*Your assignment*
From the line with "Green Pasture, Texas" to the end of the data below, restate each line word for word, both ends included, without the pictures.

*Dataset extract*

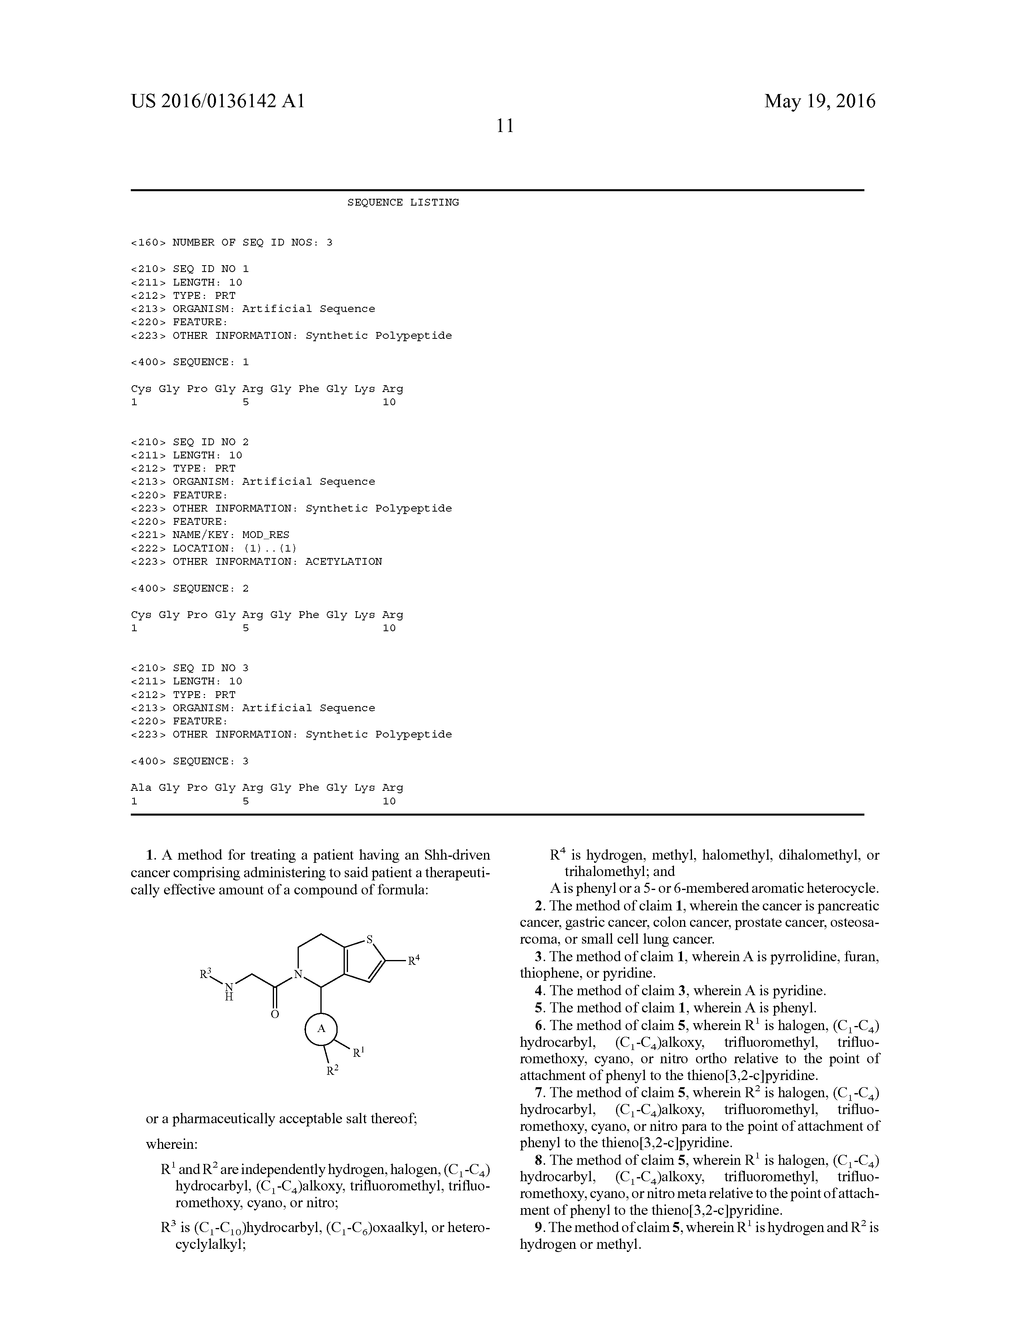 TREATMENT OF PANCREATIC AND RELATED CANCERS WITH     5-ACYL-6,7-DIHYDROTHIENO[3,2-C]PYRIDINES - diagram, schematic, and image 15
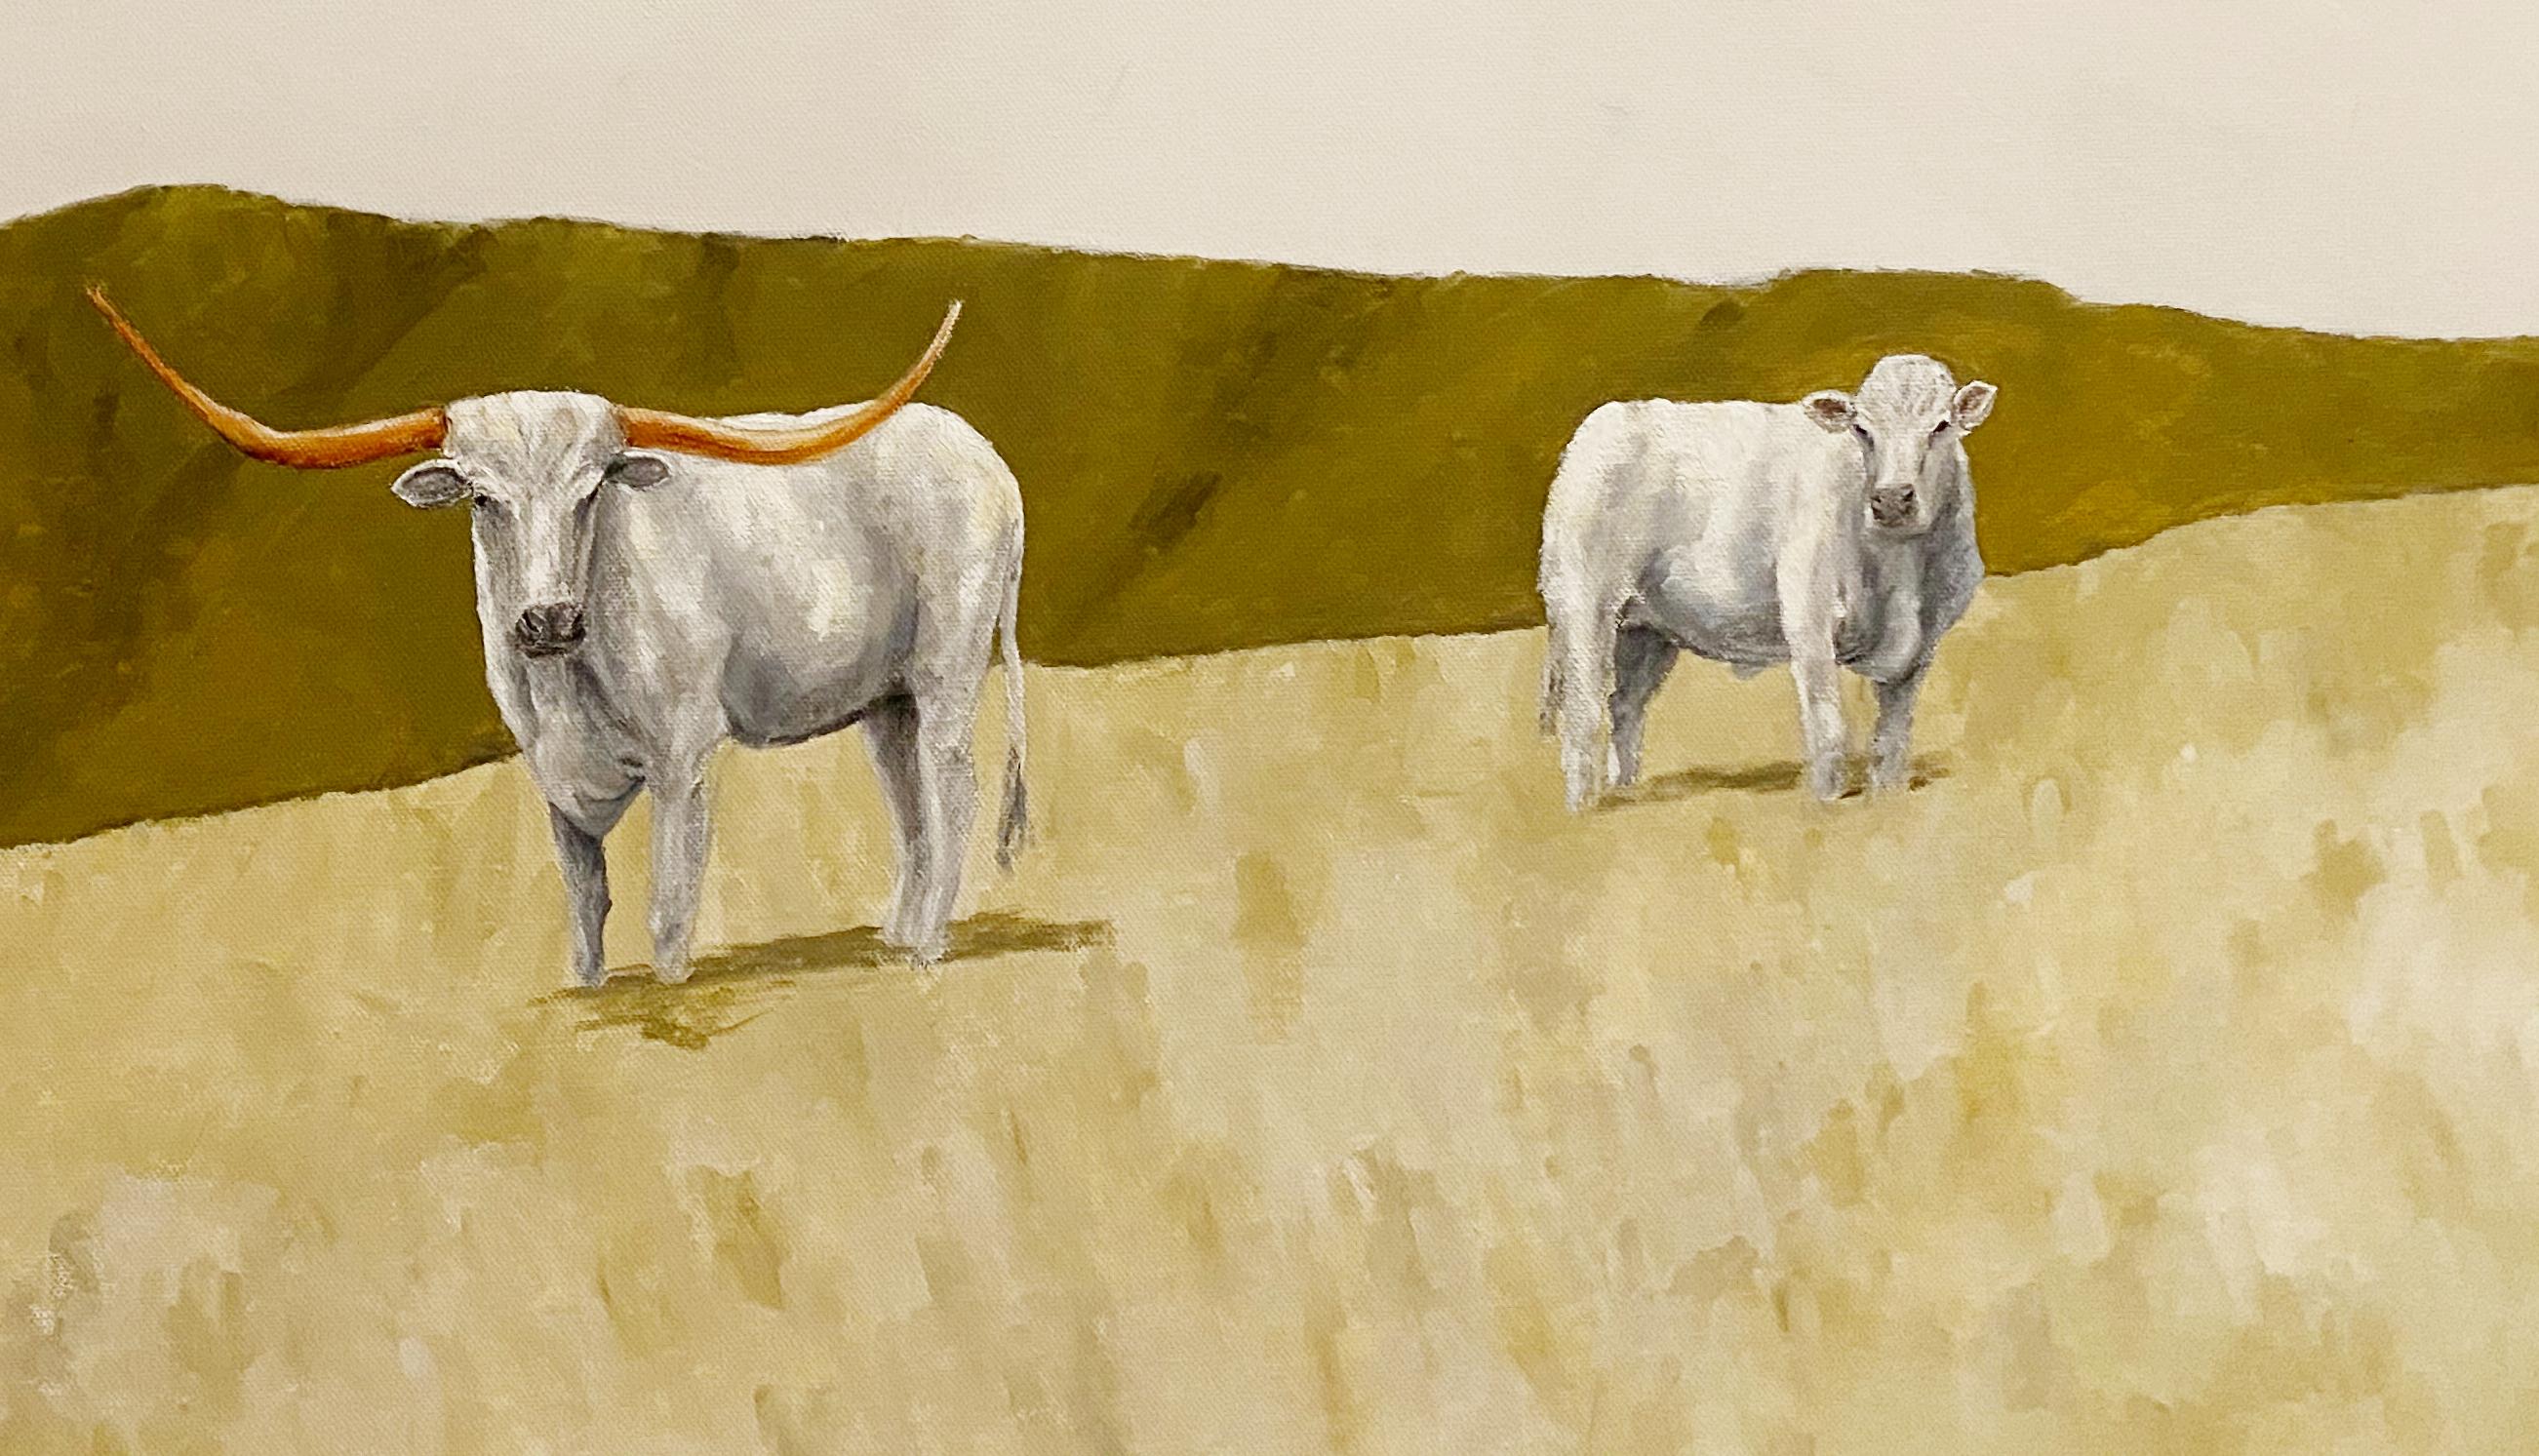 Green Pasture, Texas Artist, Realist, Light and Shadow, Texas Cattle, Rodeo - Painting by Luke Autrey
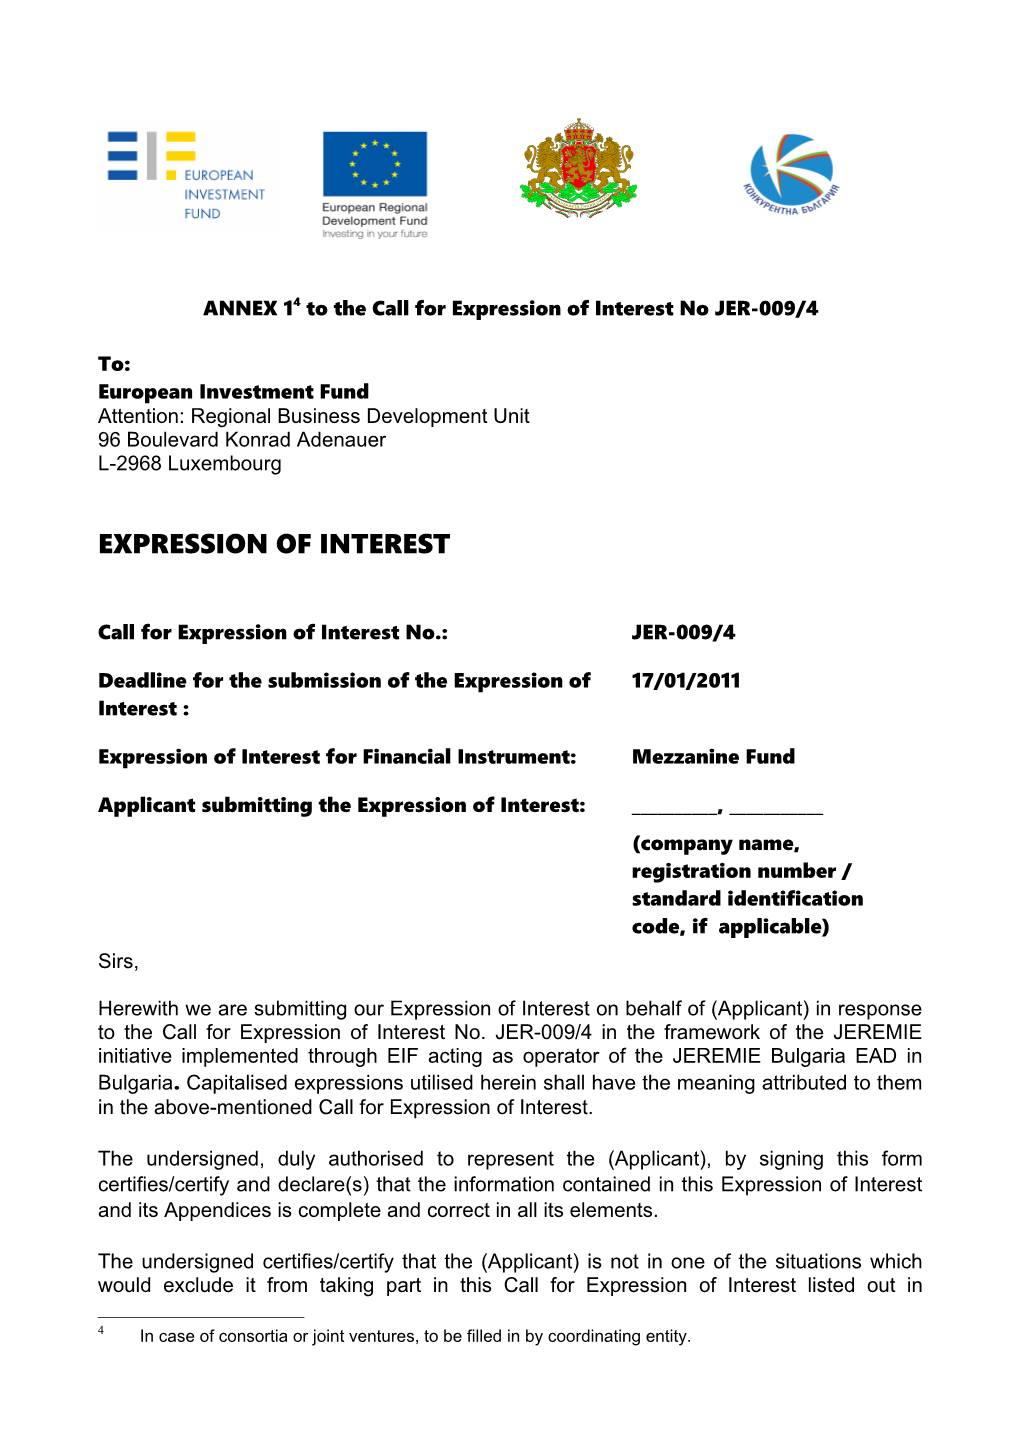 ANNEX 1 4 to the Call for Expression of Interest No JER-009/4

*Written reply*
 Green Pasture, Texas Artist, Realist, Light and Shadow, Texas Cattle, Rodeo - Painting by Luke Autrey
 ANNEX 1 4 to the Call for Expression of Interest No JER-009/4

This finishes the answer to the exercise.